======== Exercise materials

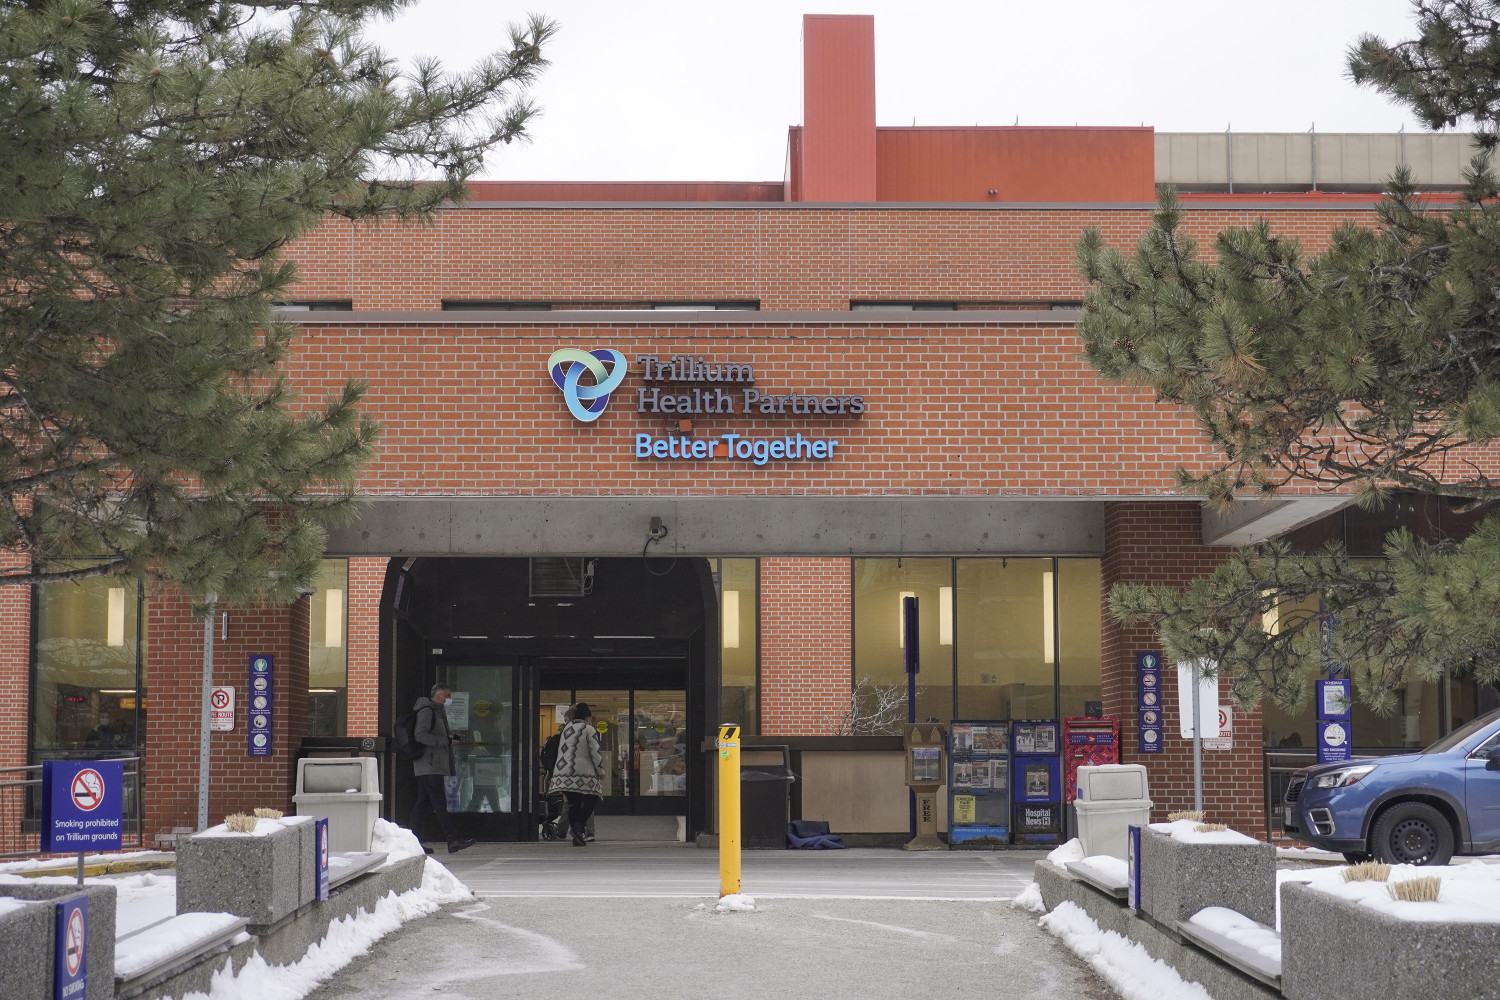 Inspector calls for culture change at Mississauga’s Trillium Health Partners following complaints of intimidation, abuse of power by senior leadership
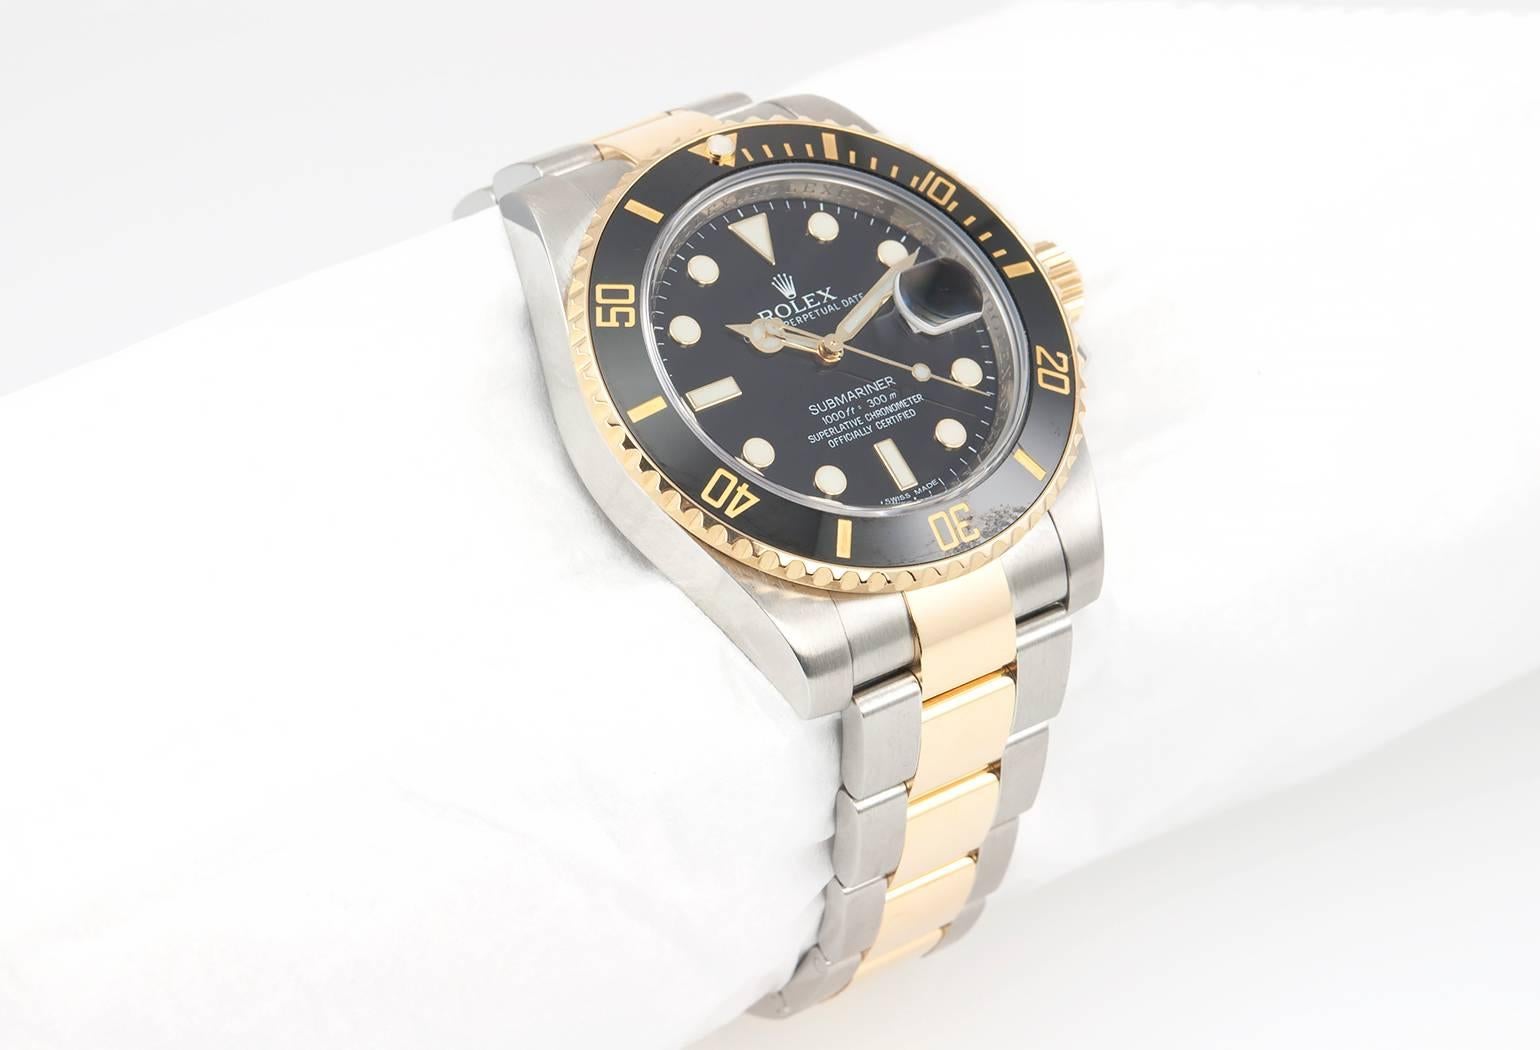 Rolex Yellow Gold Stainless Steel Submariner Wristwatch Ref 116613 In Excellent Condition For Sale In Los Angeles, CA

================
======== Exercise materials

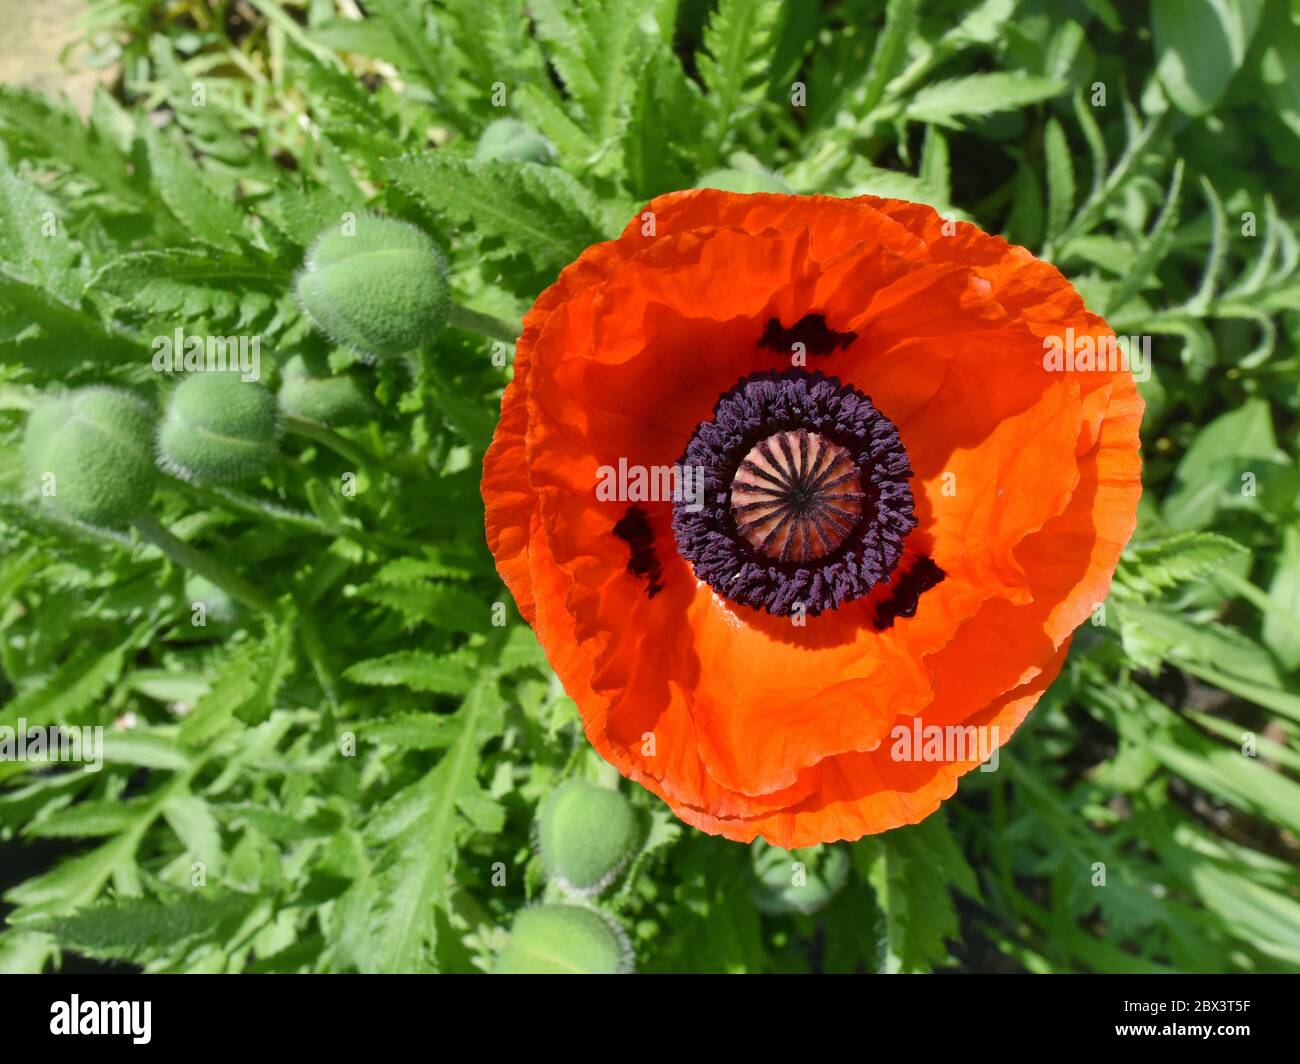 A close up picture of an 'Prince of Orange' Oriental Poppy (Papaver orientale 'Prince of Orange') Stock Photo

================
======== Exercise materials

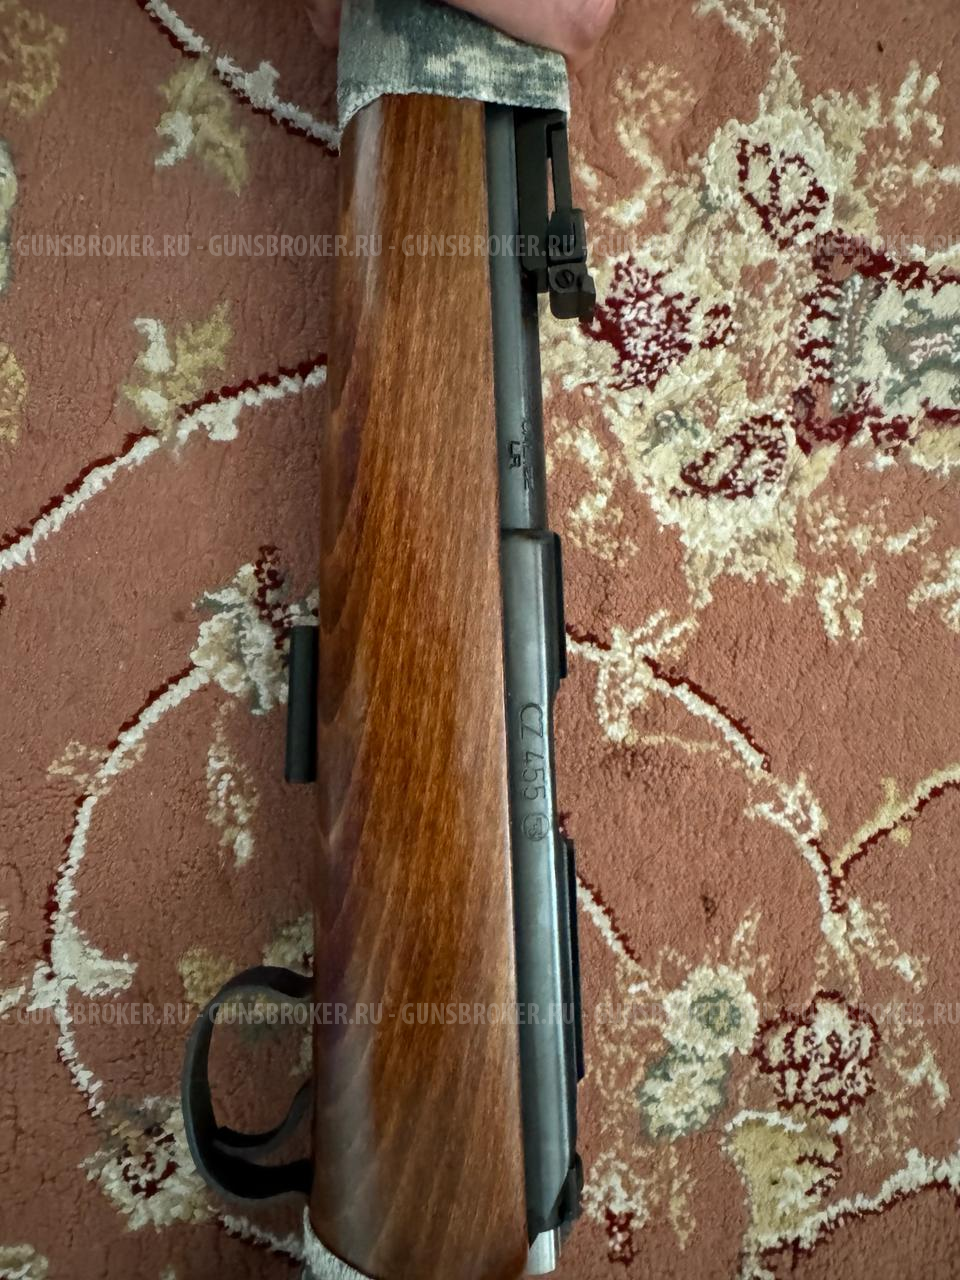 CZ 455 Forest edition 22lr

================

• **Problem to work on**
Look above for the line with "Inspector calls for", then print it and each line after it down to and including the line with "Rolex Yellow Gold". Leave out the pictures and keep the wording exact.

• **Task answer**
 Inspector calls for culture change at Mississauga’s Trillium Health Partners following complaints of intimidation, abuse of power by senior leadership
 Rolex Yellow Gold Stainless Steel Submariner Wristwatch Ref 116613 In Excellent Condition For Sale In Los Angeles, CA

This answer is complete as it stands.